He Thought His Entire Family Had Died In The Holocaust. Then Came A Miracle.

“This is one of the last opportunities that we will have to witness something like this.”

Yad Vashem, Israel's official Holocaust memorial, operates the Names Recovery Project in hopes of chronicling the stories of the Holocaust's six million Jewish victims. But the project's online database also helped a 102-year-old man named Eliahu Pietruszka realize his brother had actually survived. And though his brother passed away in 2011, as reported by The Associated Press, Pietruszka got to meet his brother's son for the very first time in 2017.


According to ABC News, Eliahu Pietruszka was 24 years old when he fled Warsaw, Poland, in 1939 as World War II broke out. He left behind his parents and his teenaged twin brothers, Volf and Zelig. The Nazis deported his parents and his brother Zelig and killed them at a death camp, but Volf escaped and briefly corresponded with Eliahu. Then Russians sent Volf to a work camp in Siberia. "In my heart, I thought he was no longer alive," Eliahu Pietruszka told the Associated Press.

Thinking he had no family left, Pietruszka started a new life. Per Haaretz, he got married in Russia and, in 1949, moved to Israel. He worked as a microbiologist before his retirement and is now the great-grandfather of 10. In November, his grandson Shakhar Smorodinsky got an email from a cousin in Canada working on a family tree. That cousin had found a page of testimony about Eliahu that Volf had filed with Yad Vashem in 2005. Volf had assumed Eliahu had died in the Holocaust, as well.

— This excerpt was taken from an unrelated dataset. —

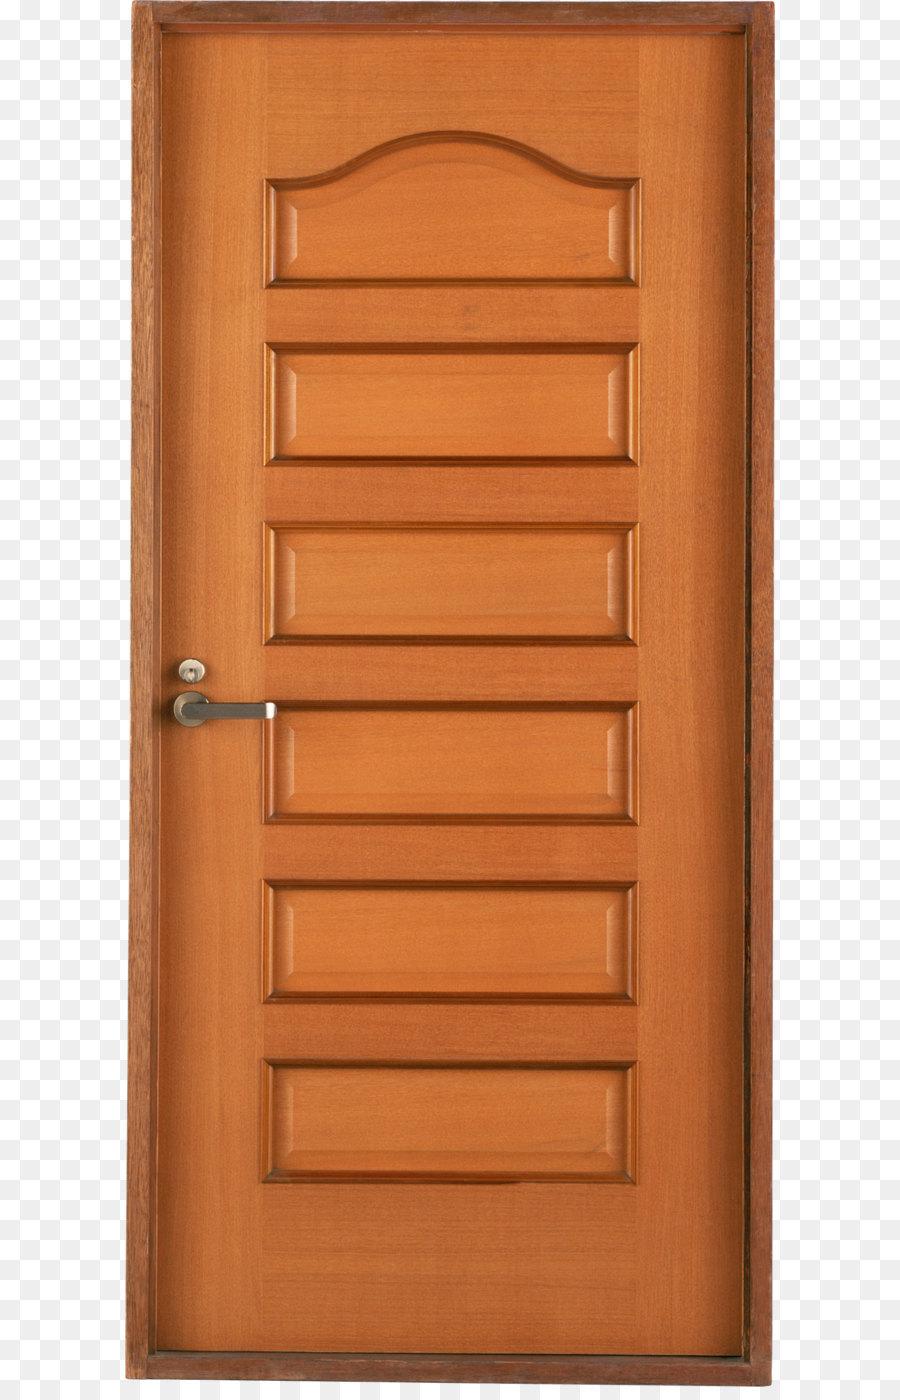 Door County Wisconsin Window Gate Therma Tru Ltd Wood Door Png

Volf also started a new life, working as a construction worker in the industrial city Magnitogorsk. Smorodinsky found Volf's address and learned Volf had died in 2011. But Smorodinsky also discovered Volf had one child, a 66-year-old named Alexandre, who was still living in Magnitogorsk.

Just days later, Alexandre arrived at Pietruszka's retirement home in central Israel. The two men greeted each other in a tearful embrace, Pietruszka speaking Russian for the first time in decades. "You are a copy of your father," he said. "I haven't slept in two nights waiting for you."

"It's a miracle," Alexandre said repeatedly. "I never thought this would happen."

For Yad Vashem, Pietruszka's reunion with a nephew he never knew he had represents a silver lining for the work the organization has been doing since 1954. ("Yad vashem" is Hebrew for "a monument and a name.") When Yad Vashem took its database online in 2004, the database contained 3 million names. With the dawn of the internet, that number has risen to 4.7 million.

Yad Vashem official Debbie Berman was there for Pietruszka's reunion. "This is one of the last opportunities that we will have to witness something like this," she told The Associated Press. "I feel like we are kind of touching a piece of history."